What I'd Do Differently

If I were rebuilding my Data Agent today with production requirements:

Start custom to learn the patterns and identify the pain points
Add LlamaIndex for state management and SQL optimization
Keep custom prompt engineering and guardrails (frameworks don't understand your domain)
Use framework memory for persistence (no need to reinvent Redis integration)
Keep custom UX (my approval buttons, step-by-step UI)

In other words: use frameworks for infrastructure (memory, tool validation, token management), but keep control over the agent loop and user experience.

Conclusion

Frameworks aren't magic. They're opinionated solutions to common problems:

LangChain: Swiss Army knife for general-purpose agents
LlamaIndex: Scalpel for data retrieval and SQL agents
CrewAI: Multi-agent collaboration platform
AutoGen: Human-in-the-loop conversational agents

My custom Data Agent taught me when frameworks help and when they hinder.
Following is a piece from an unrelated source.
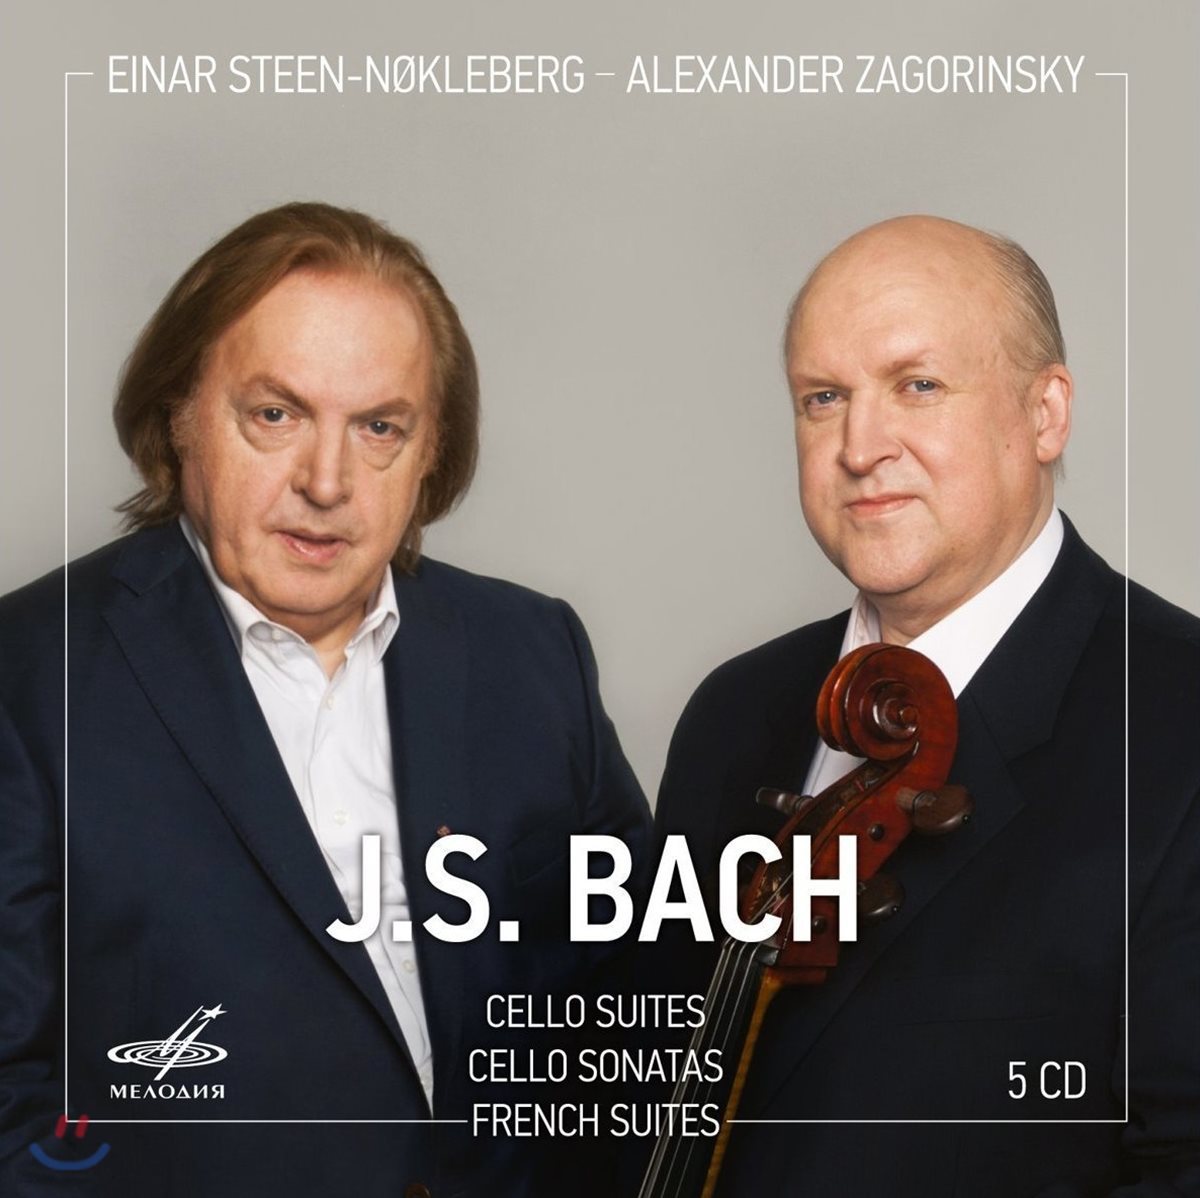 Alexander Zagorinsky 바흐: 무반주 첼로 모음곡, 첼로 소나타, 프랑스 모음곡 - 알렉산더 자고린스키 (J.S. Bach: Cello Suites BWV1007-1012, Sonata BWV1027-1029, French Suite BWV812-817)

For learning and portfolio work, custom wins. For production at scale, frameworks handle the infrastructure so you can focus on domain logic.

The best approach? Build it custom first, identify the pain points, then reach for a framework that solves those specific problems. Don't start with LangChain because everyone else uses it — start with understanding what your agent actually needs.